* * *
Август.
Я живу теперь в самых высоких горах; в воздухе дождливое настроение; туман застилает возвышенности и вершины гор; осеннеромантичный вид.
Песня горной русалки
Летом в диких горах я гоняю коров:
Там в ущельях сырых влажный ветер ревет;
Там лишь чахлый кустарник по склонам ползет;
Там таится олень среди груд валунов:
Там в дождливую ночь выкликает кулик,
Там рожок пастуха никогда не звучит.
Запоздавши, раз ночью гнала я коров
Черной Балкой, в ущелья, у Лысой горы.
Чуть круглилась вершина средь призрачной мглы;
Над горою клубился туманный покров.
Колокольчики глухо звенели во тьме,
Когда шли мы по узкой тропе.
Увидала я милого там, и всю ночь
Проводила его я среди валунов.
Утром ветер подул, – горы сняли покров.
И его удержать им уж стало не в мочь:
Его лирной души приковать не могла
Неприступная скал красота.
Не заметил он той, что, скрываясь во тьме,
Жарким взором впивалася в очи ему
И, приникши лицом, к его бледной щеке,
Шевелила дыханием кудри на лбу.
Сняли горы покров, – солнце в небе блестит,
И никто на земле обо мне не грустит.
Чу! вот, песня звучит: в недра каменных гор
Мы по осени прячем коров
Не проникнет ничей любопытный к нам взор,
Путь к нам скроет туманный покров.
Но с той встречи ночной я тоскую, грущу,
И напрасно за летом вновь лета я жду.
(Пастуший рожок сзывает стадо).
Ху-у-у! Хурулиху!
Домой! Домой!
Заснул уже цвет полевой,
Стемнело уж в чаще лесной!
Домой! Домой!
«Ветер зимний, холодный, ночами завыл…»
* * *
Замечательная вещь: мне принесли с почты письмо. Я с жадностью схватился за него и разорвал конверт… (от неё?!)

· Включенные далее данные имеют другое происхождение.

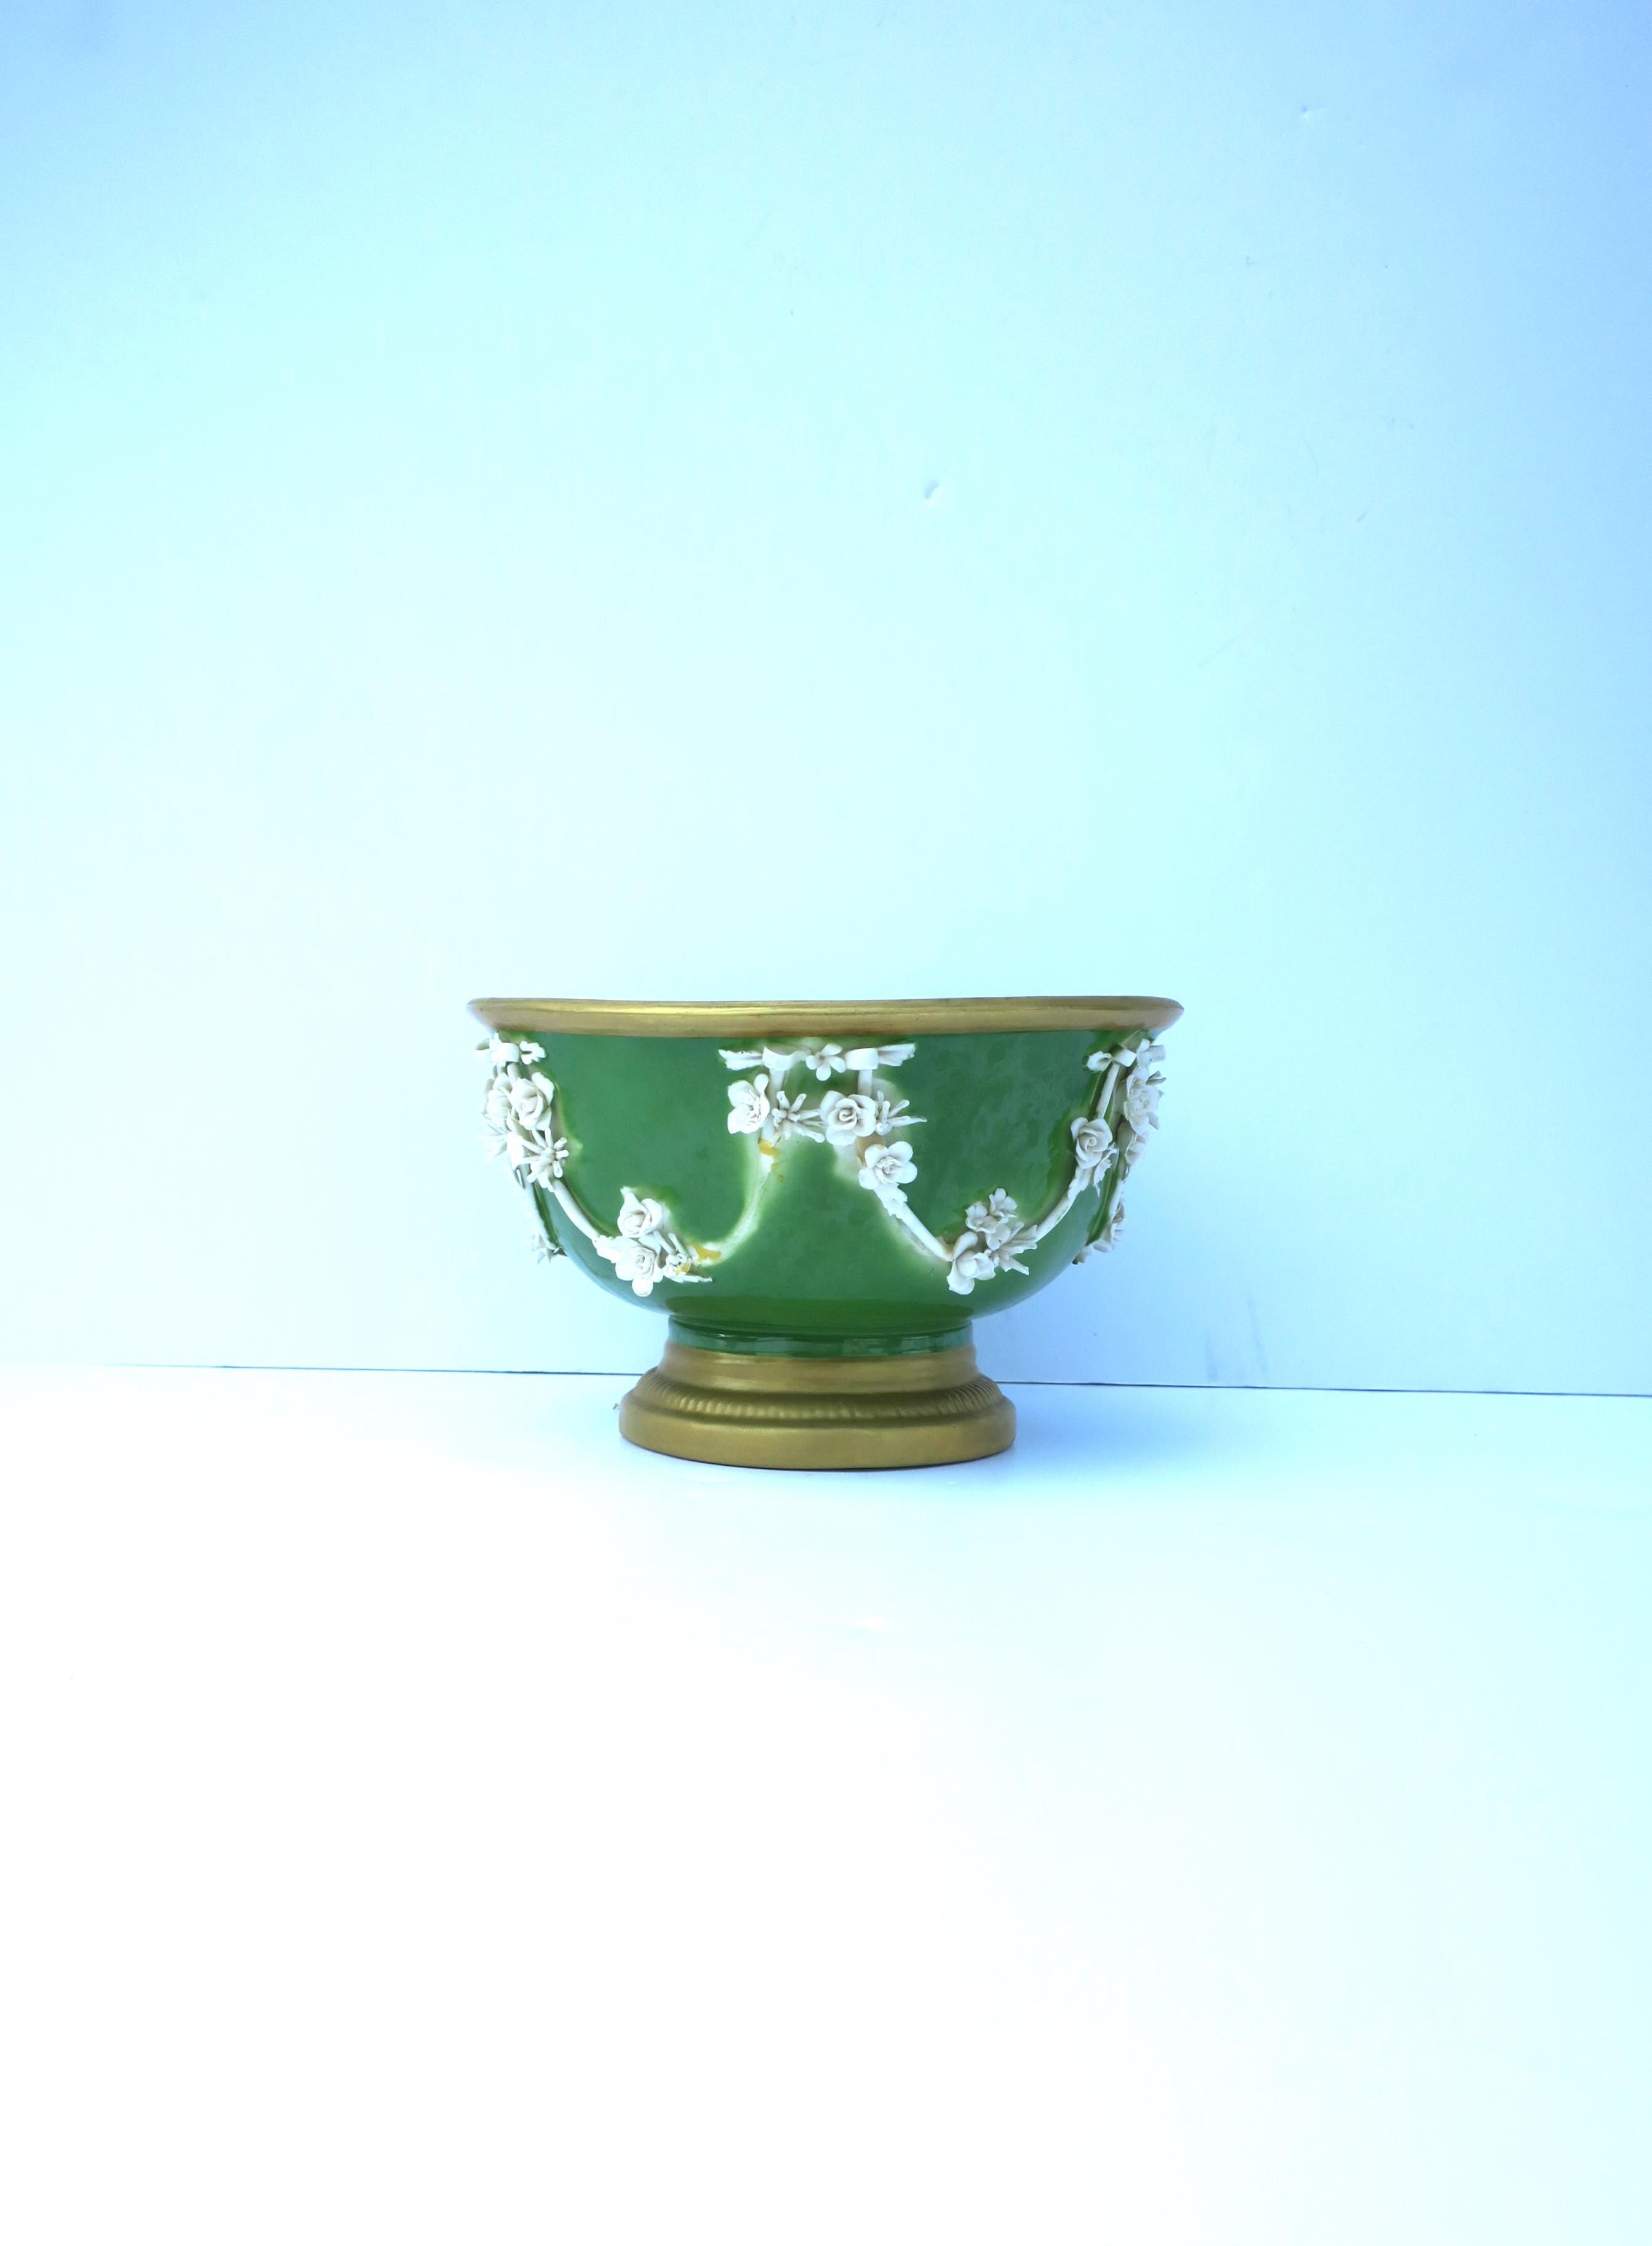 Italian Porcelain Footed Bowl Urn Neoclassical Style by Mottahedeh, 20th Century For Sale 5

Вовсе нет. Пара обручальных карточек. Кто же бы это такой? Каким образом? Мой старый собутыльник Блюл, Дон-Жуан, художник?
Великий Боже, он самый!
«Их теряешь, как волосы с головы», или как испорченные зубы. Одиночество теснится ко мне все ближе и ближе; все плотнее и плотнее охватывает меня. Скоро я буду заключен в нем, как в тюремной камере.

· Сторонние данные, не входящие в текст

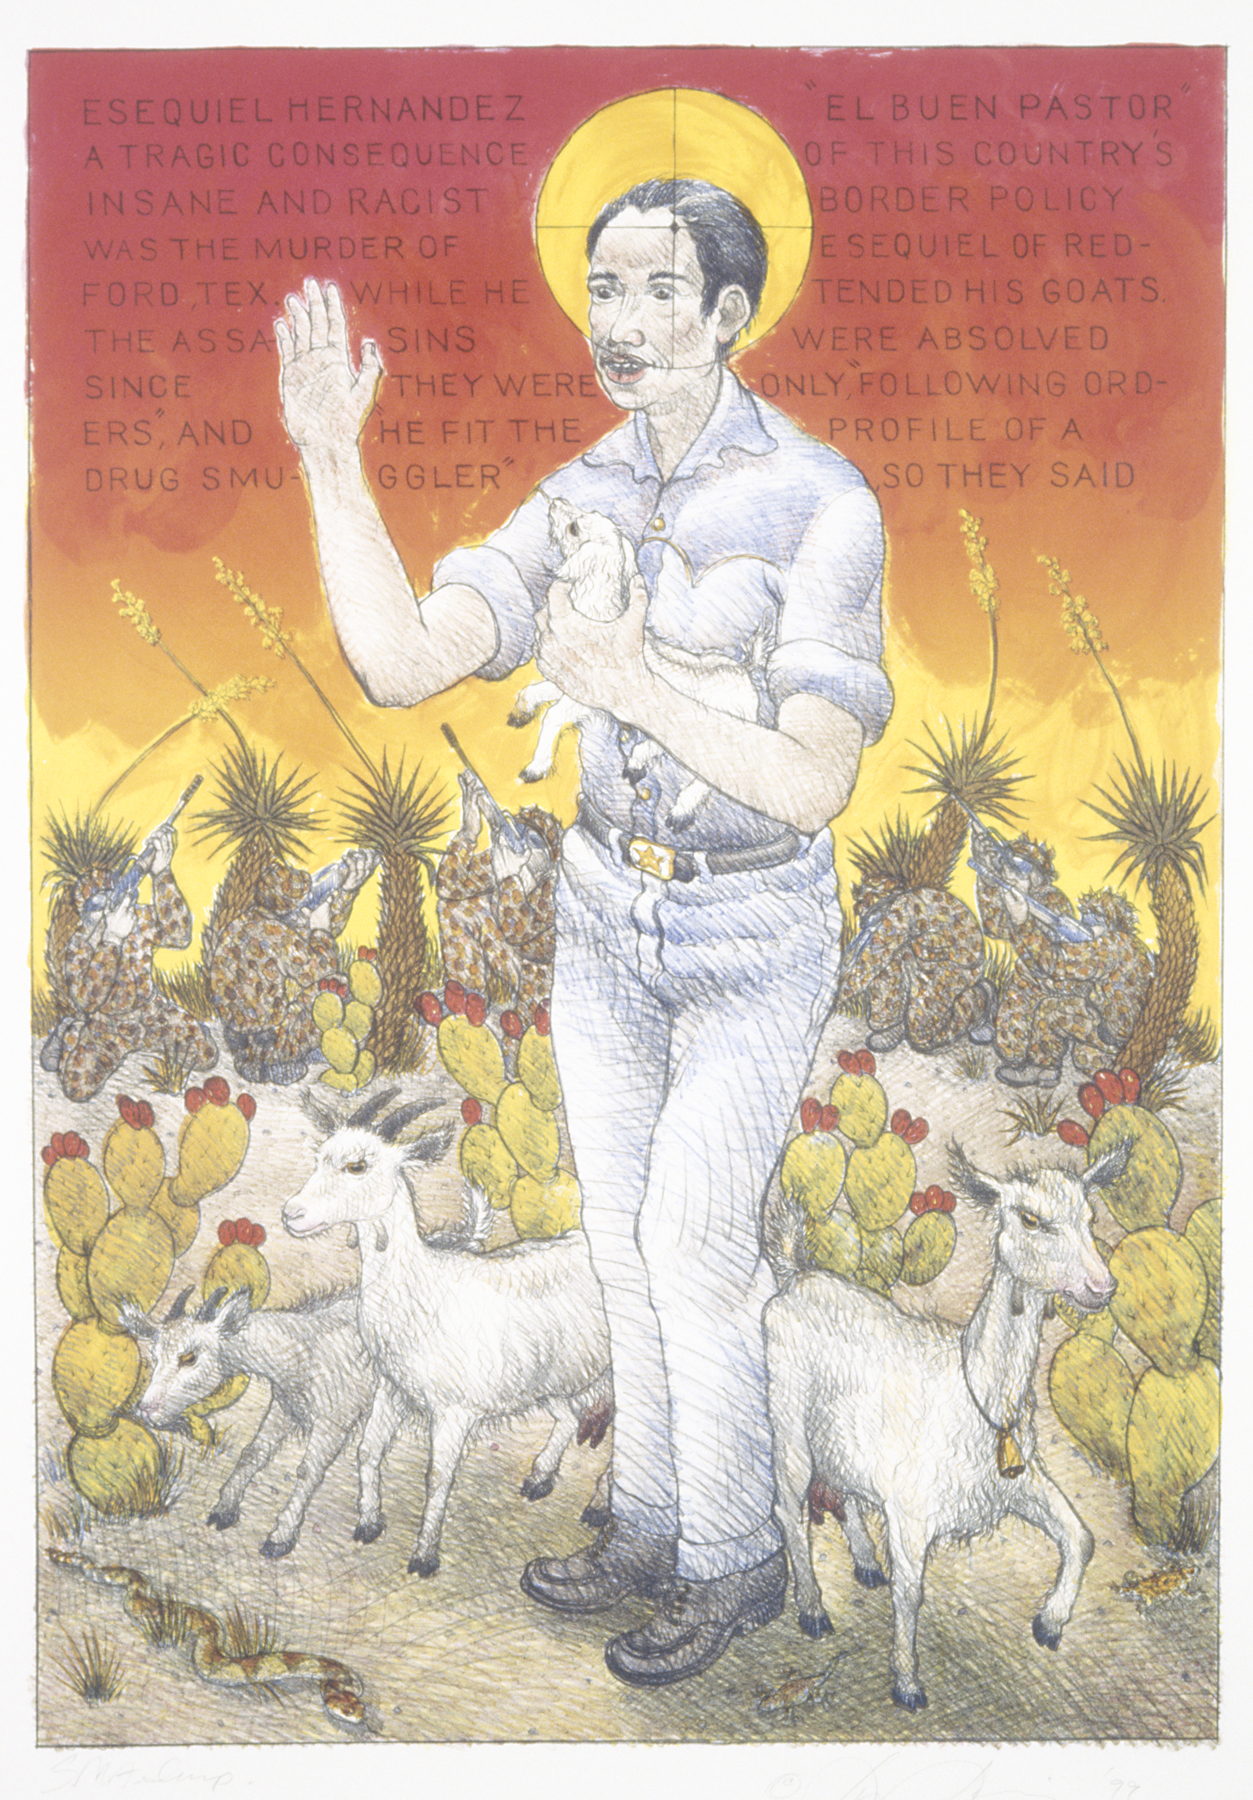 Standing male figure with arm held out in blessing (with crosshairs from a gun superimposed on his face), there are three goats at the man's feet and he is holding a baby goat. Inscription above him describing the incident that inspired Jimenez to make this image. Background is somewhat barren and rendered in bright oranges, reds, and yellows.

Странное ощущение. Один. Совершенно один. Как какая-нибудь горная вершина; лицом к лицу с Богом.
Я не вынесу этого. Я сойду с ума. Во всяком случае, мне надо решиться на этот разумный брак, хотя бы для того только, чтобы иметь кого-нибудь около себя. Чтобы не оставаться одному в своей мрачной квартире во время этих бесконечных, ненастных ночей, когда вздыхают привидения и стучатся духи; во всяком случае, брак есть самое лучшее средство на свете, для того, чтобы заслониться от вечности, которая, темная и холодная, как октябрьская ночь, опустится когда-нибудь над смущенной душой, настигнутой в безлюдной пустыне.
* * *
Почти чересчур порядочна. Почти чересчур безупречна.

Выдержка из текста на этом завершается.